WOOD STORAGE AND FURNITURE DESIGN
By Ross Roepke, Dec. 2002
This is an extension of the earlier article by Loyd Ackerman, and I will discuss some of the issues related to storing wood and using wood in furniture design and construction. I have heard woodworkers discussing whether kiln dried or air dried lumber was better for building furniture. I want to shed a little light on these subjects based on my experience and observations over the past 50 years.
For reference, air-dried lumber reaches an equilibrium moisture content (EMC) between 12% (in April) and 14% (in August) in this region of the country (Ref. Modern Woodworking, Nov/02) because the mean relative humidity is above 70%. The problem occurs when a larger piece of furniture is taken into the house where the relative humidity in the winter months may drop to 35% for extended periods. Then the EMC may drop to 6% or 8% depending on the region of the country. Then, as the wood dries, it shrinks; the amount depends on the type of wood, direction of the grain, and the protection provided by the finish.
This shrinkage takes a finite time to occur. And the destructive effects depend on the relative movement of two joined pieces and how much of that movement can be accommodated by stresses in the wood and in the glue joint itself. These factors may let the furniture survive for several years. But, the repeated cycling from summer to winter and long-term embrittlement of the glue has deleterious effects on joints. If you desire your furniture to survive for your great grandchildren to enjoy, special care is needed in the design of the furniture.

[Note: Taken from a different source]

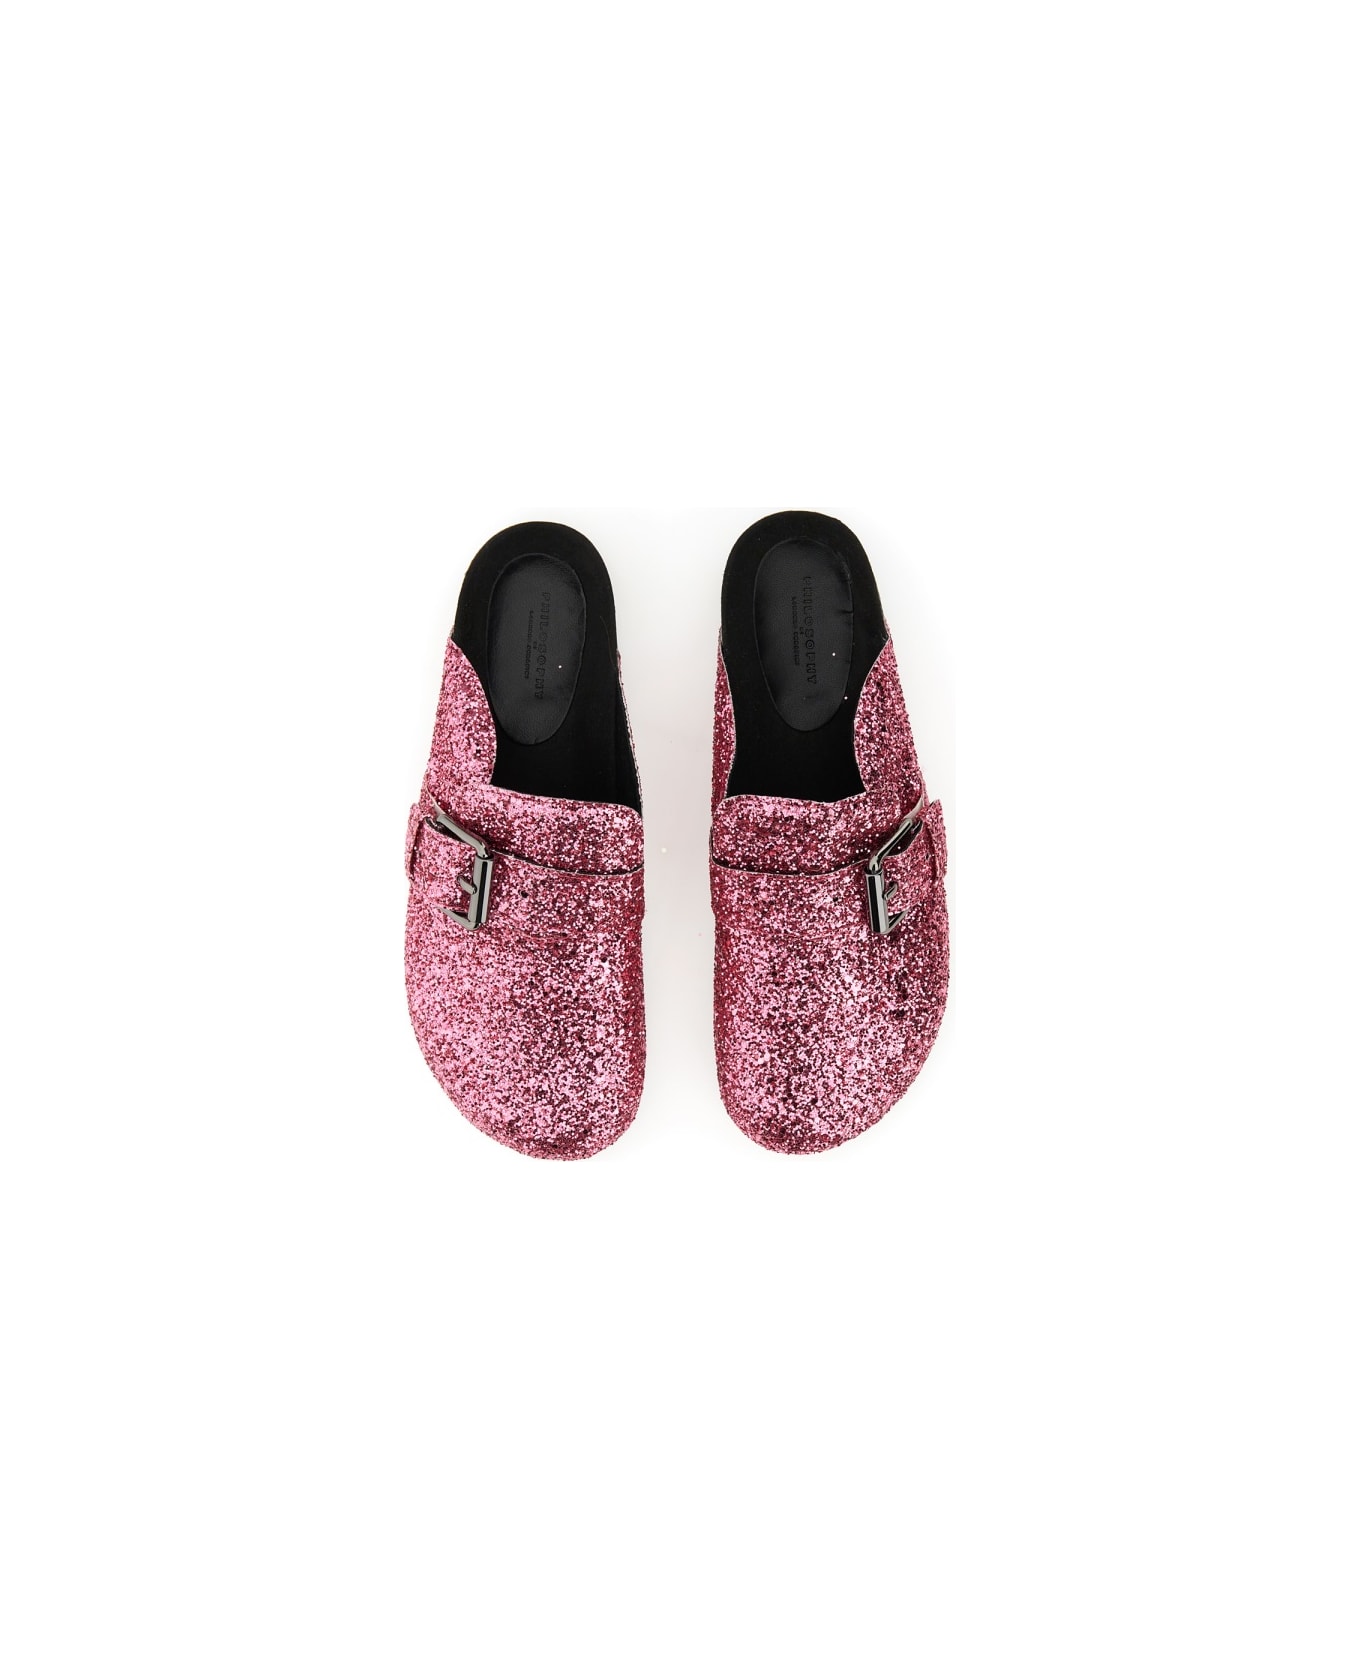 Philosophy di Lorenzo Serafini Sandal With Glitter - Pink
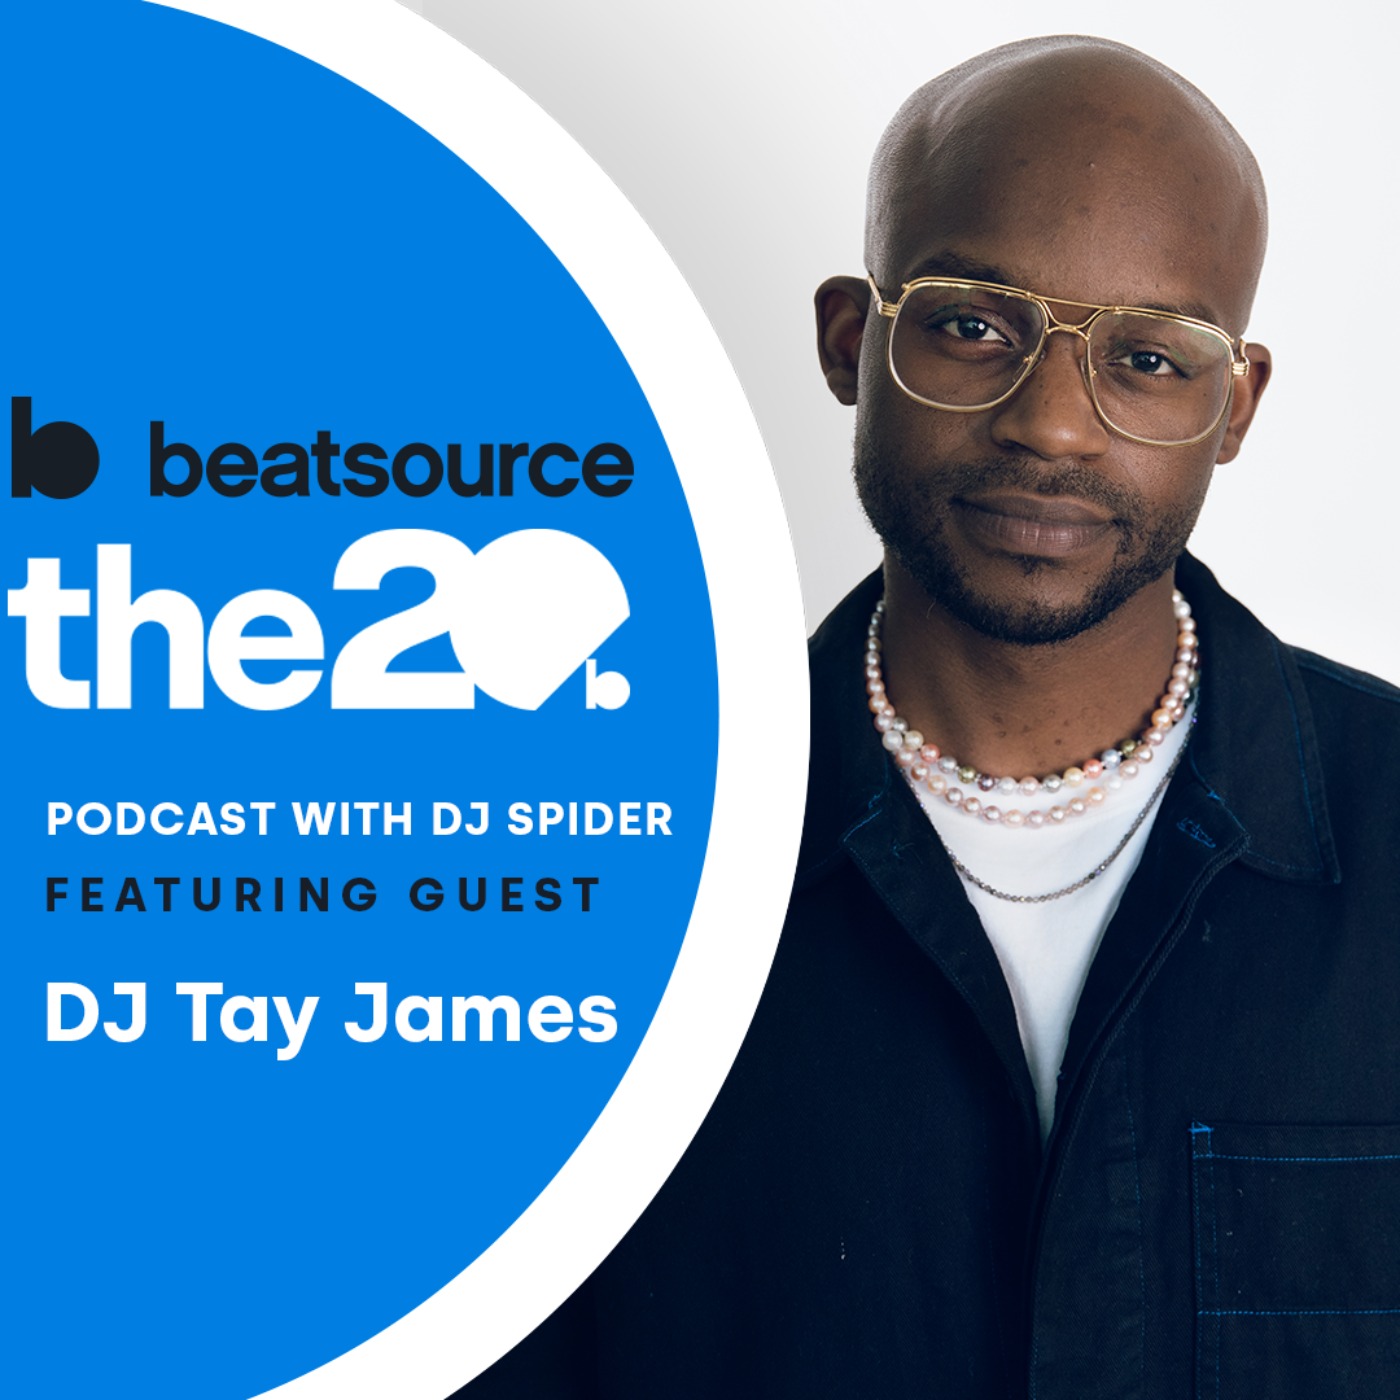 DJ Tay James

That design is probably more important than the EMC of the wood itself. If the 6% change in EMC is a concern, the design is probably not ideal. There are times, however, where cross-grain gluing is necessary such as on the rails of chair legs or table legs. I just read last year that more chair leg failures are caused by wood shrinkage than by misuse of the chair.
For small pieces of furniture where any cross-grain glue joints are short, or even for large pieces where there are no cross-grain glue joints, the wood shrinkage is not likely to cause serious joint stresses. Over the years, I have observed numerous cases where hobby woodworkers have built tabletops firmly attached to the rails or where they have glued a face board across the end of the tabletop to cover the end grain. In most cases, the tabletop will be split several places across the tabletop because of wood shrinkage. Even I have done this in my earlier years; but I learned from my disappointments. I now make it a point to not ever glue any cross-grain over 3 or, at most, 4 inches. Special attention is necessary to keep from doing this, both during the design and construction, because it is so easy to slap glue onto a piece where it can later create problems.
Now back to the kiln vs. air-dried lumber. We go to the lumber yard and buy kiln dried lumber with the concept that it is safe to build with. But, that lumber has likely been stored in an open shed exposed to the ambient humidity for maybe several months. Whether originally air-dried or kiln dried, the chances are that it is at an EMC of 12% or higher. Or if you bring it home and keep it for several months in your unheated shop, it matters little what treatment it has had in the past.
Lumber at 12% EMC is adequate for making small pieces, or where there are no cross grain joints, or any time wood shrinkage will not produce joint stresses. The only safe way to build furniture is to design it so that variable EMC levels are not critical to it’s endurance.
There are other ramifications of using high EMC wood though that are quite subtle. A glue joint can sometimes be felt because the glue extends through the finish after the wood shrinks. Or, the glue may not cure as fast or it may not provide a full strength joint. And sometimes stresses or distortions are produced in a piece of wood, such as in stress wood, as it dries.
I used to store my wood supply in my garage or in a lean to. About 10 years ago I bought a 12 X 20-ft barn from Belvidere and installed racks for wood storage. I use a dehumidifier to keep the relative humidity to about 35% most of the year. However, a dehumidifier is ineffective below 60 deg. F so I turn it off over the winter months. There are desiccant dryer systems that work in cold weather but they are quite expensive.
The article in Modern Woodworking recommends using heat to control the EMC. To maintain the EMC at 7%, the storage area should be heated 22 deg. F above the outside morning temperature of the day. This reduces the relative humidity and thereby controls the EMC. I have not done this because I have not yet insulated my barn and it would be prohibitively expensive to heat it now. Now I depend on the dryness of the wood to help maintain the relative humidity of the building. On warm days in the winter, I start the dehumidifier, when I think of it! I need to get a thermal switch to turn it on automatically.
I only learned much of this recently so have not benefited from the information. So I pass it along to others so they can receive some benefit from my experiences. Please feel free to ask if you have any questions.